That was then. Now he couldn’t even take a bath because there was no way to close the blowhole they’d cut in his throat. Two tablespoons would drown him.

After a few years the regular carrier retired and the Mailman got his route, which took up about twenty-five square blocks in the middle of Gloucester, extending from tony rich folks’ houses on Middle Street to gritty squats on Columbia, two blocks over from Faye’s place. At this point the Mailman conceived the grand scheme regarding his postal career.

Scheme or no, Faye eventually grew weary of his dark moods and took up with Schultzie, scion to Schultz Brothers, the local trash barons. Schultzie was a much nicer man.The Mailman moved across town, into the basement apartment of a four-family tenement on the back side of Portugee Hill. The basement suited him fine, though he’d occasionally stop in at Faye’s for lunch or a visit, since the route was still his. Sometimes he’d even have a beer after work with Schultzie. It was amiable, subdued. They would’ve let him farther back in, but he kept his distance, like a waterfront cat. The route satisfied whatever need he had for attachments.

There were 630 souls on his route. He’d once saved Mrs. Alves who’d fallen in her living room, even though her family thought he should’ve let her die there. And he’d witnessed, helpless, the fatal heart attack of Cummings, the ward councilor. He knew where Sammy the Rat slept it off, and could follow Sammy’s slime trail at eight a.m. down to the Dugout, where he’d take his first, trembling drink with the night shift fish packers from Gorton’s just getting off work. The Mailman hadn’t delivered a baby, but he’d witnessed Dickie Lufkin being born in the backseat of a car that never even got started for the hospital. And kept a watch out for the Old Gal who got her daily beating from her boyfriend till she finally moved out, only to have him start beating her at her new place. The cops found him dead one night in the parking lot, but they declared he’d slipped on the ice as he was getting into his car.The Mailman knew the truth, and the Old Gal knew he knew.The whole route was like a spiderweb, and when a gnat hit the sticky the spider knew, and when the spider moved the gnats knew. “Mailman! You fucked my girlfriend/saved my mother/saw my brother die/help me/get lost/ where’s my check?” These connections were fulfilling in a certain way, but they were also intense—which, perhaps, was why people in his line of work had been known to go postal.

After he recovered from the surgery that marked the end of his career, he took a part-time job at the Gloucester Historical Association. The imposing clapboard Federal-style building had been on the far edge of his route, and once he’d realized what a perfect retirement tit it could be, he’d begun to integrate it into his grand scheme, taking care to suck up to the staff, doing extra favors, ignoring their condescending ways. Over time the Yankee bluebloods who ran the place came to rely on his trustworthy, unexceptional presence. They missed him when he dropped the route, sent him flowers in the hospital, and hired him when he got his health back. They started him as a maintenance man. Once he began spending extra time in their research library, there was no reason to object. He offered to index files of letters and newspaper clippings—tedious, eye-straining work too taxing for the dowagers and dilettantes who volunteered there. Punctual, productive, invisible. Within a year he had his own set of keys and the run of the place.
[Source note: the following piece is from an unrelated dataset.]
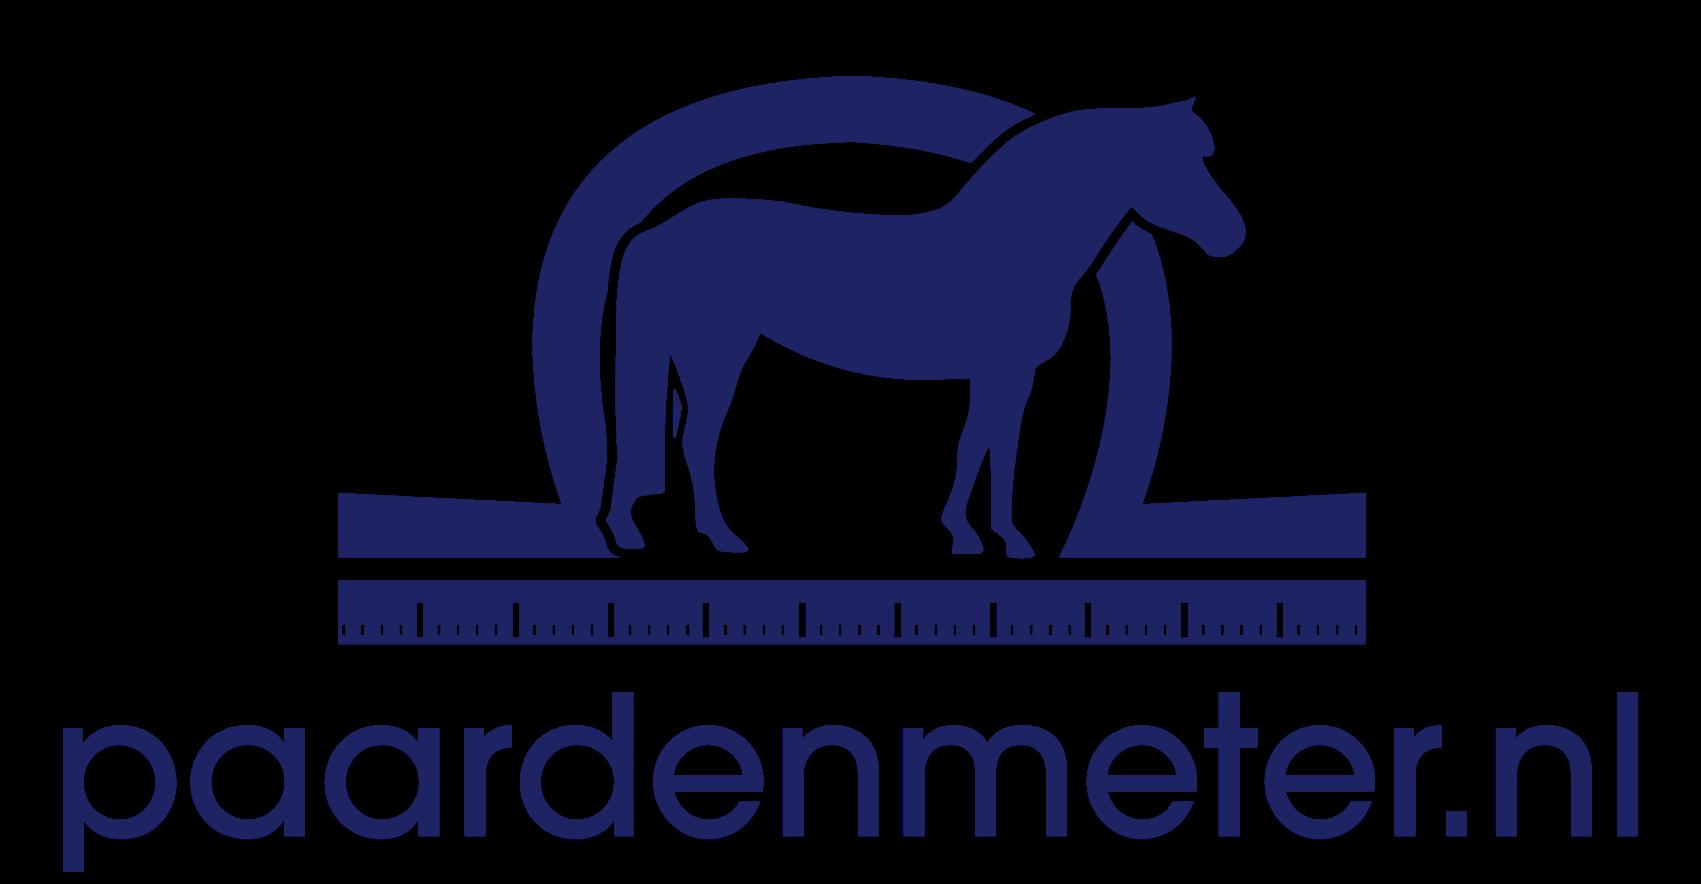 Paardenmeter.nl

He’d discharge his janitorial duties in just a few hours, then work upstairs in the research library until the museum closed. He’d take dinner in his car, which required an hour’s chewing and swallowing—far beyond the time he’d have been allotted at L’il Earl’s or Ray-Joe’s Pizza. Anyway, it freaked people out to see him eating in public.The food had to be cut into teeny bits and chewed exceedingly fine so it wouldn’t strangle him. In the course of saving him from cancer, the docs had separated his esophagus from his windpipe. No more nose or mouth breathing. No nose blowing. If he got a cold he had to stuff a tissue up his snout. No more taste or smell.

When dinner was over he’d return to the darkened building to pursue what had become his abiding passion. He’d begun, just for the fun of it, researching the history of Faye’s house on Church Street. When he discovered that it had been moved in the early 1800s from a few blocks away, he grew curious about the neighborhood. Using old maps, letters, newspapers, drawings, and documents, he reconstructed the history of the houses and families in that corner of his delivery route—back through the 1880s, when the fishing port had been in her prime, to the Civil War, the War of 1812, the Revolution, and beyond—down into that archaic era when every settler could be named, and thus each one loomed like a giant in history. He was certainly no historian—being only dimly aware that such a discipline even existed—but he had the instinct and, by some miracle, the passion. Building on his intimate physical knowledge of the city, the Mailman was re-creating it, street by street and family by family. Now when he walked the streets of his former route, he’d be just as likely to see it in 1767 or 1867 as in 1967.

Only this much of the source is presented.